Lawton’s sixth installment of Frederick Troy’s adventures not only goes back in time from previous entries (A Little White Death, 2006, etc.) but also expands its scope from Frederick alone to the equally active lives of his father and brother.
In Vienna in the late 1930s, as the violence of the Nazi Party is growing more virulent, the story is covered by Rod Troy, a reporter for The Sunday Post, a newspaper owned by his eminent father, Alexei. Decades ago, Alex also spent years in Vienna, some of them, Rod learns, as a psychiatric patient of the energetic Sigmund Freud.

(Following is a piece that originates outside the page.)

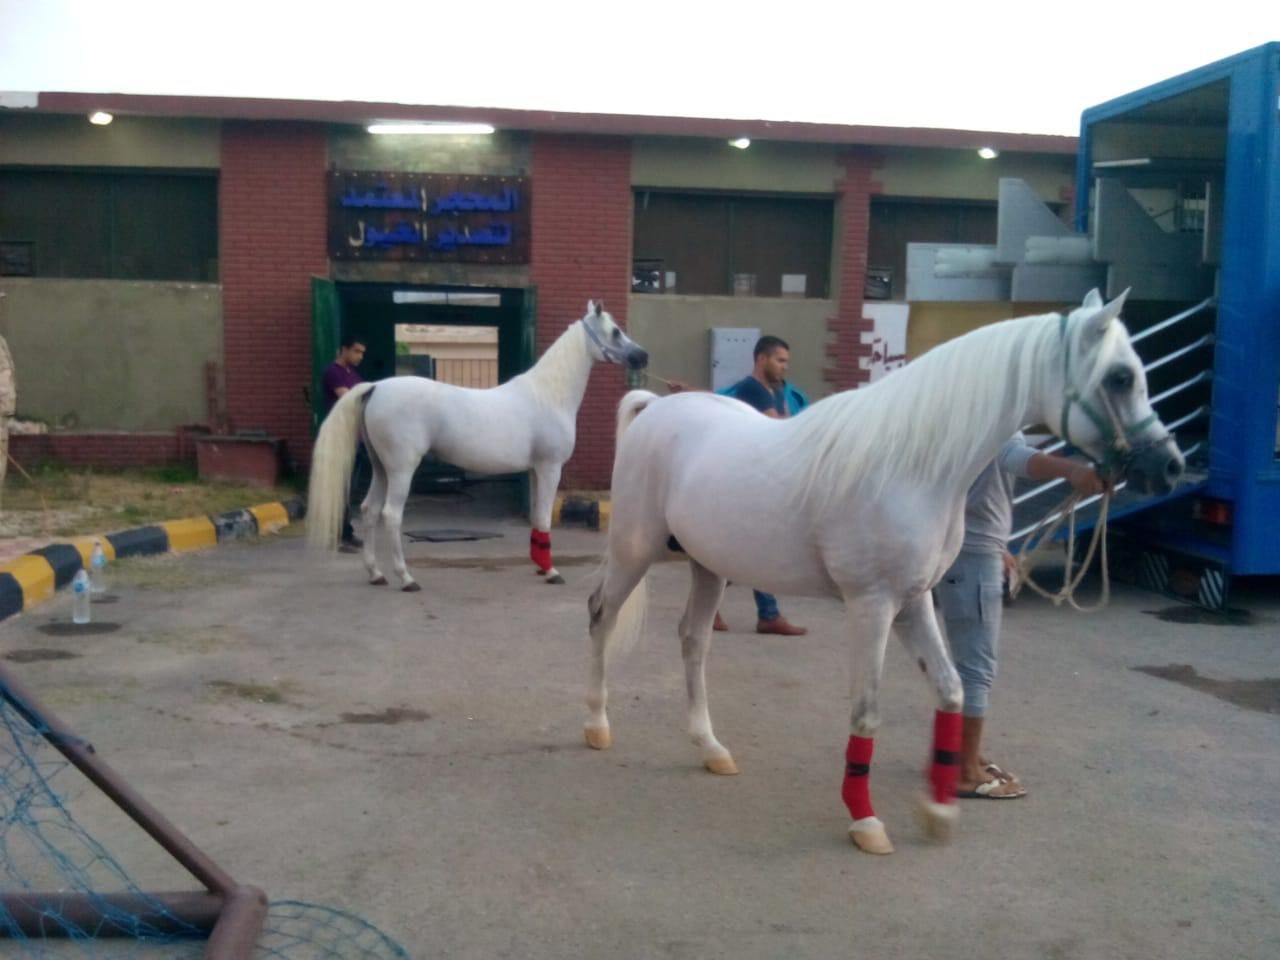   نائب وزير الزراعة: ارتفاع صادرات الخيول العربية إلى 47 حصانًا..وترتيب منظومة الخيول أولوية التطوير

In London, Alex has encounters of his own with Winston Churchill, Harold Macmillan et al., concerning the threat of Hitler and the looming war. Alex, himself a Russian émigré, writes a bristling editorial about Russia for the Post as his son Frederick, Rod’s brother, continues his ascent to Scotland Yard’s Murder Squad. On the eve of Kristallnacht, Rod contemplates ensuring the safety of his family by fleeing Vienna. In London, Alex continues to have Churchill’s ear as the government prepares to incarcerate recent immigrants deemed suspicious—a program to be carried out by Frederick and his colleagues. In the midst of this turmoil, as the bombing of London begins, Frederick probes the hit-and-run death of a rabbi that seems an ordinary crime until another rabbi is killed in his own synagogue.
History and politics again add depth and texture to Lawton’s impressively complex thriller.